Чтобы они помнили, что бояться зла и возмездия за причиненное зло должны не только ночью.
Но и днем.
Саид ар Курзан опасливо обернулся. Чувство, что кто-то наблюдает за ним, преследует, не отпускало с того самого момента, как он вышел из экипажа на анрийском Имперском проспекте и торопливо побрел вверх по улице, лавируя между состоятельными господами и прекрасными дамами, к знаменитой гостинице «Империя». Лаардийцы — странный народ, с явным дефицитом воображения — в каждом их достаточно крупном городе, насколько знал Саид, просто обязательно есть, по крайней мере, одна улица с именем «Имперская» и одна гостиница под названием «Империя».
Торговец специями шел, нервно всматриваясь в лица недовольных прохожих, прекращающих улыбаться под его взглядом. Разглядывал людей на тротуаре на противоположенной стороне широкой мощеной дороги, таращился на отдыхающих за приятными разговорами и за чашечкой кофе посетителей летних кафе и бистро, прячущихся под зонтами от жаркого южного солнца. Пристально всматривался в витрины дорогих магазинов, ювелирных лавок и швейных мастерских, как будто преследователь мог прятаться среди хвастливо выставленных манекенов, одетых в роскошные платья и богатые сюртуки, пошитые по последнему слову ландрийской моды. Вздрагивал и напрягался, едва заслышав звонкое цоканье копыт лошади. Облегченно выдыхал, когда мимо проезжала, не задерживаясь, чья-то карета, из окна которой выглядывало надменное личико чьей-то содержанки.
Саиду казалось, что за ним следит каждый, кто оказался на Имперском проспекте в этот час.

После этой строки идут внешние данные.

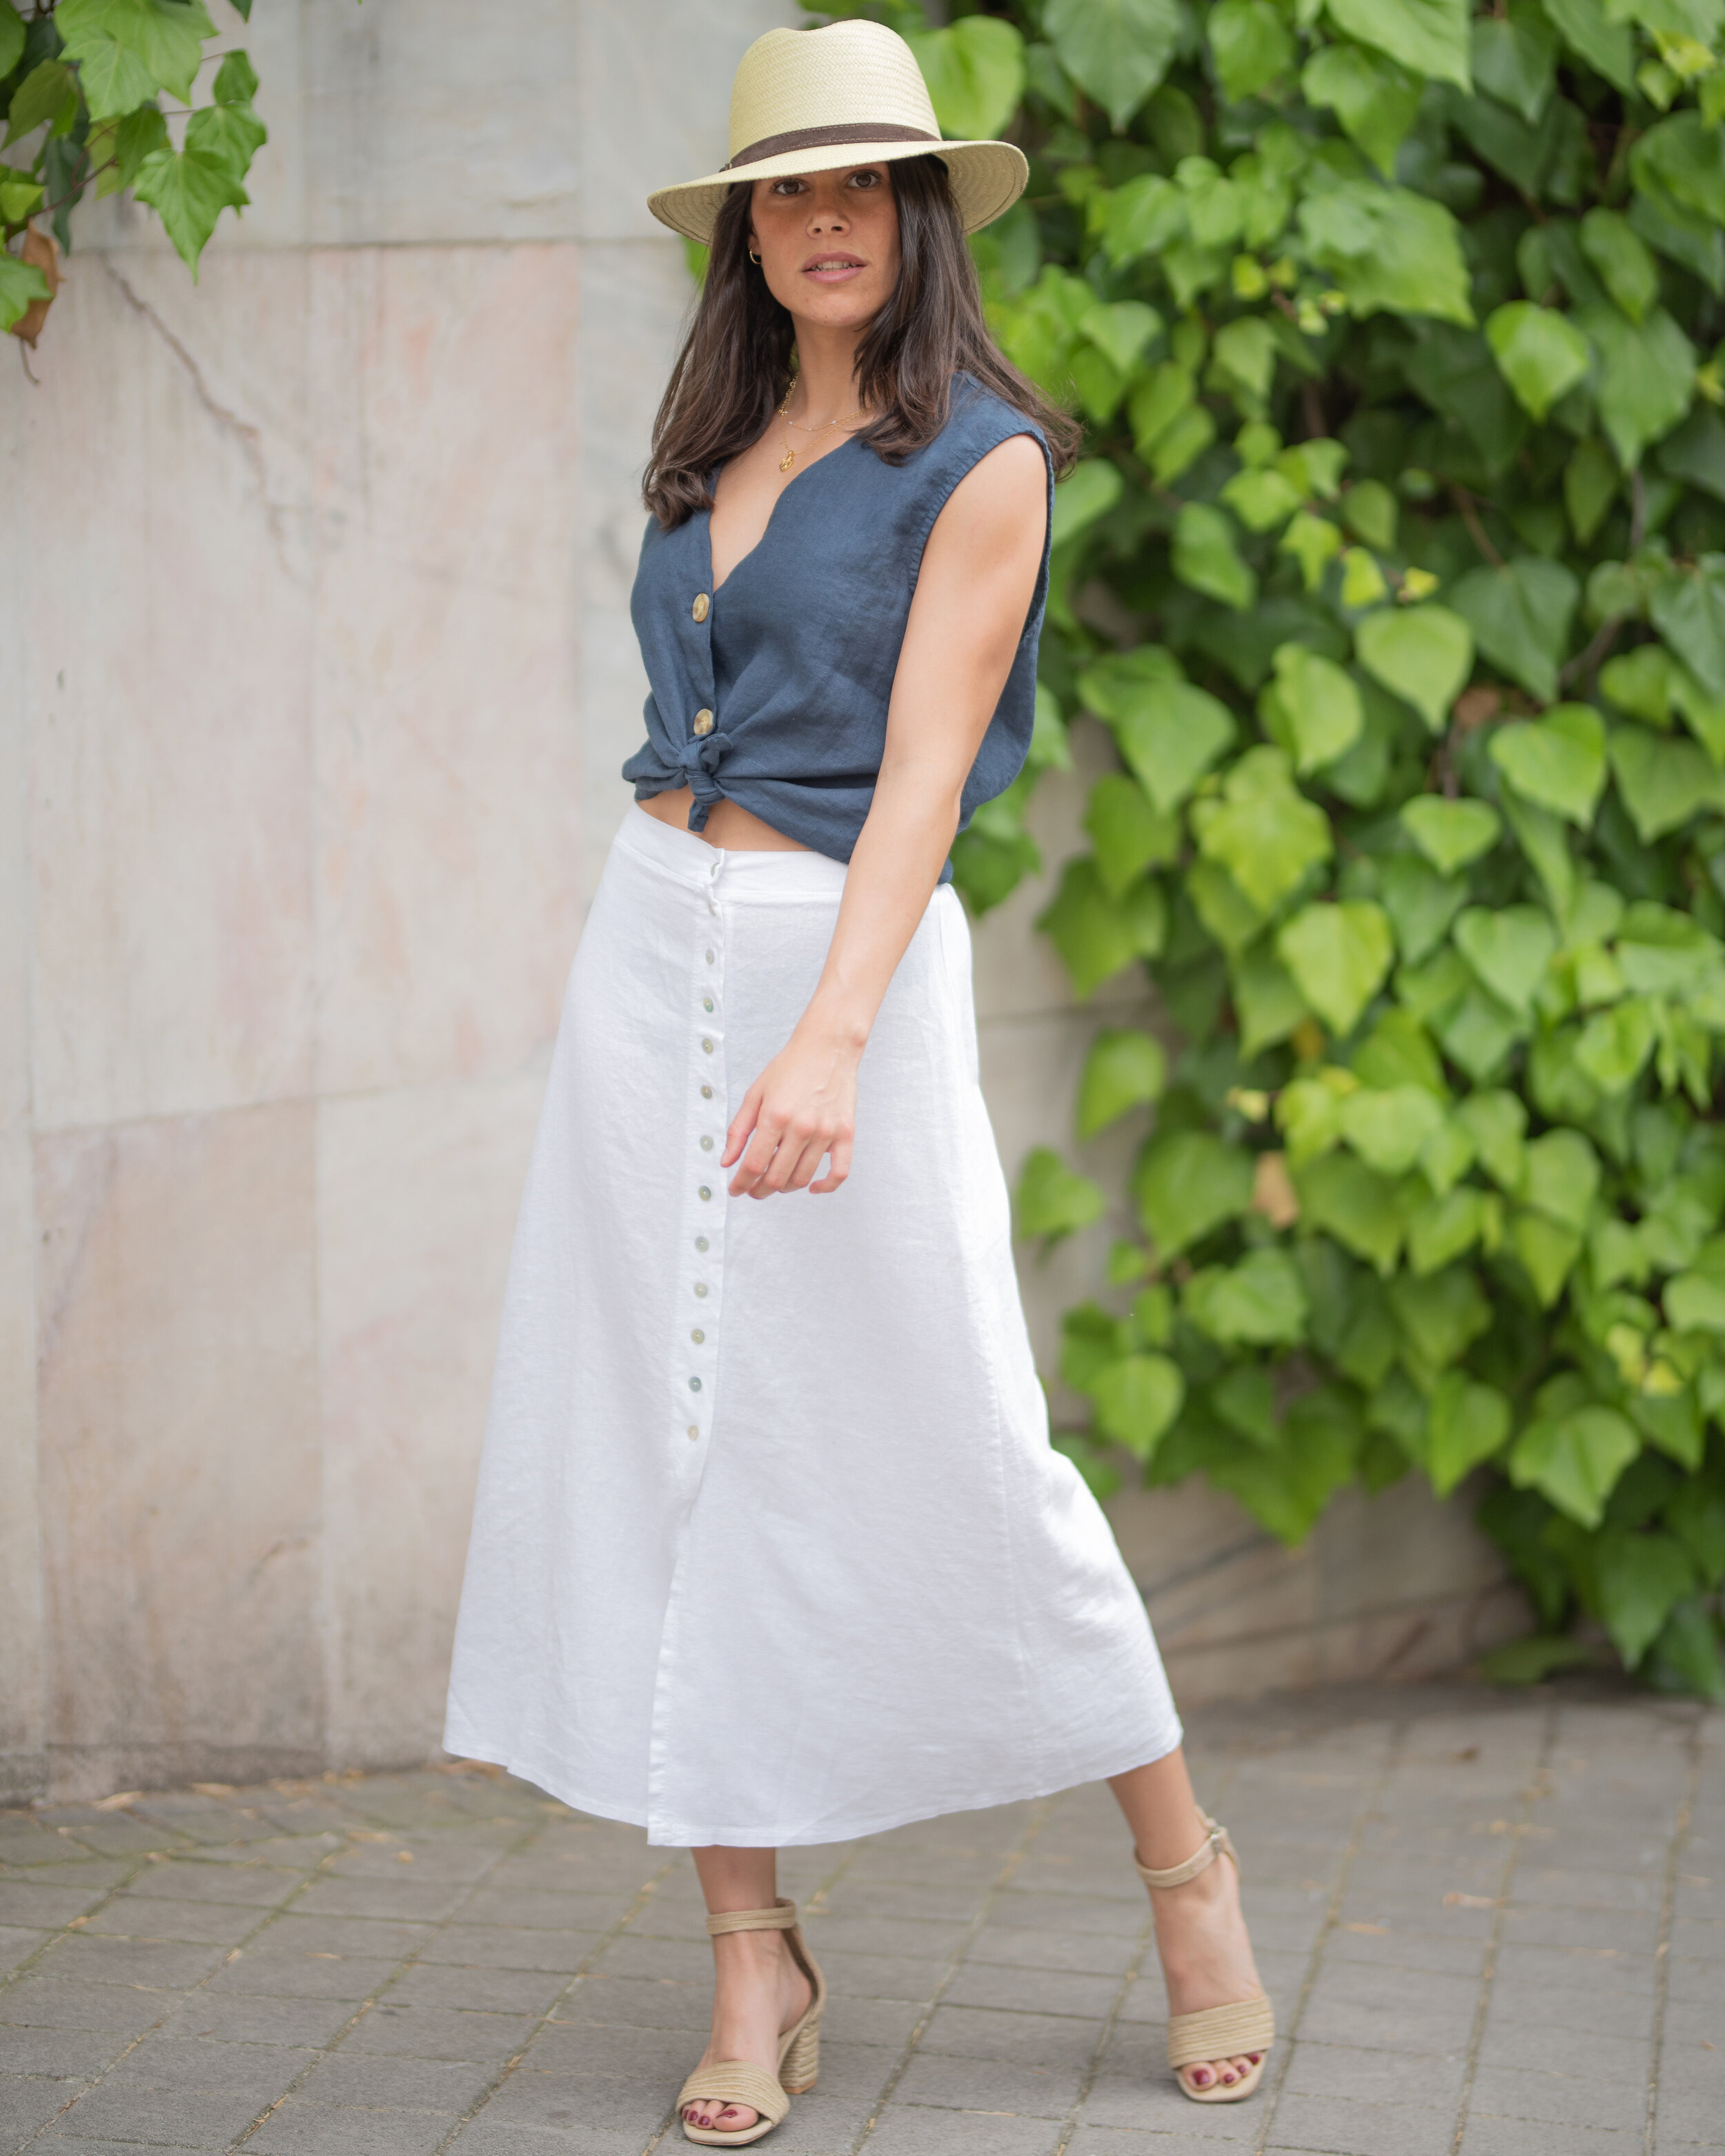 Cómo combinar una falda blanca larga — Jand | Ropa de Mujer

И вместе с тем умом он понимал, что живут они своей жизнью и не обращают никакого внимания на торопящегося кабирца, не находящего себе места от напряженных нервов.
Ар Курзан коротко обернулся в очередной раз и похолодел. Увидел идущего за ним высокого менншина в дорогом сюртуке и цилиндре. Что-то в нем показалось Саиду особо подозрительным — тяжелая поступь или манера держаться, выдающая в том военного.Кабирца бросило в пот, глаза панически забегали по сторонам в поисках укрытия. Он прибавил шаг и вдруг резко завернул в раскрытую дверь какого-то магазинчика, оказавшегося парфюмерной.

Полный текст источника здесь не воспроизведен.